The record reflects, and there is no dispute, that Patterson either caused a lis pendens to be recorded or recorded it himself. By the terms of the December agreement, and as stated in Patterson's request for relief in the pending Maricopa County action, only the specified 40 acres could be the subject of a lis pendens, not all the property proposed in the December agreement. Therefore, the record supports the trial court's finding that both lis pendens filed against the entire 1,800 acres in the December agreement as opposed to the 40 acres subject to the quit-claim provision were groundless and that liability attaches under A.R.S. § 33-420(A). Neither notice nor a grace period was required to support the trial court's action. We affirm the finding of liability under subsection (A).
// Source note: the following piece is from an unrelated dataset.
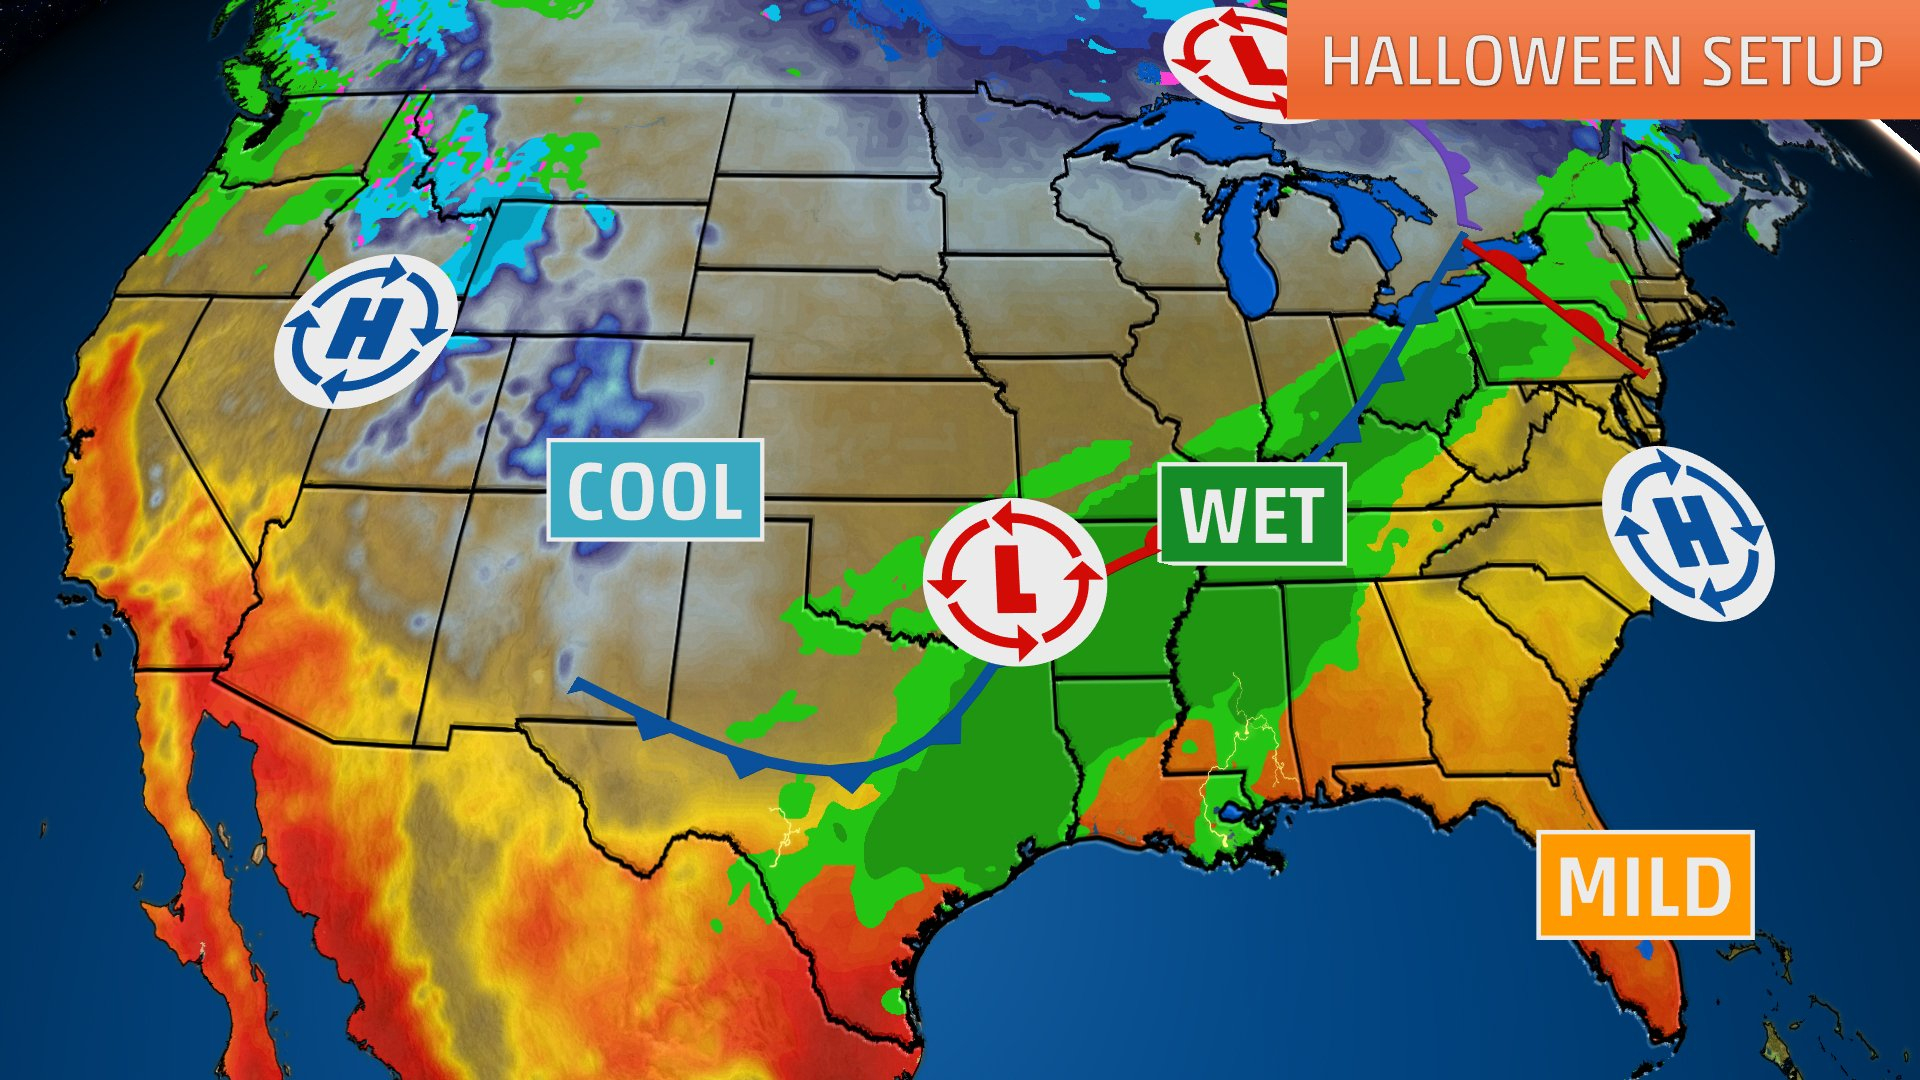 Halloween Weather Forecast: Wet Conditions From Texas To Ohio Valley - Texas Weather Map

LIABILITY OF THE MARITAL COMMUNITY
Patterson contends that the Biancos presented no evidence to support community liability. There is no dispute that the basis of the liability imposed is the lis pen-dens, not the original contract between the Biancos and Stephen Patterson. Therefore, Patterson's action raises liability for tortious conduct. There is no presumption of community liability where tortious conduct of one spouse is involved. To sustain community liability requires the Biancos to show intent to benefit the community from Patterson's recording of the groundless lis pendens. Selby v. Savard, 134 Ariz. 222, 655 P.2d 342 (1982). See Garrett v. Shannon, 13 Ariz.App. 332, 476 P.2d 538 (1970).
Patterson's actions preserved any rights and benefits under the December 19, 1985 agreement. Those are presumed to be community rights or benefits because there has been no showing that the $200,000 earnest deposit was the separate property of Stephen Patterson. It is presumed that all property acquired during marriage is community property. Carroll v. Lee, 148 Ariz. 10, 712 P.2d 923 (1986); Thomas v. Thomas, 142 Ariz. 386, 690 P.2d 105 (App. 1984). The presumption may be used where separate and community funds are commingled. Cooper v. Cooper, 130 Ariz. 257, 635 P.2d 850 (1981).
On an appeal from an order granting partial summary judgment for the Biancos, the court must view the evidence and all reasonable inferences in a light most favorable to appellants. Choisser v. State ex rel. Herman, 12 Ariz.App. 259, 469 P.2d 493 (1970). A careful review of the record reveals no evidence characterizing the $200,000 earnest deposit as Stephen Patterson's sole and separate property to rebut the presumption. Cockrill v. Cockrill, 124 Ariz. 50, 601 P.2d 1334 (1979); Thomas v. Thomas, supra. Therefore, we affirm.
Biancos have requested and are granted attorney's fees and costs on appeal provided by A.R.S. § 33-420(A) upon compliance with Ariz.R.Civ.App.P. 21(c), 17B A.R.S.
AFFIRMED.
LIVERMORE, P.J., and HOWARD, J., concur.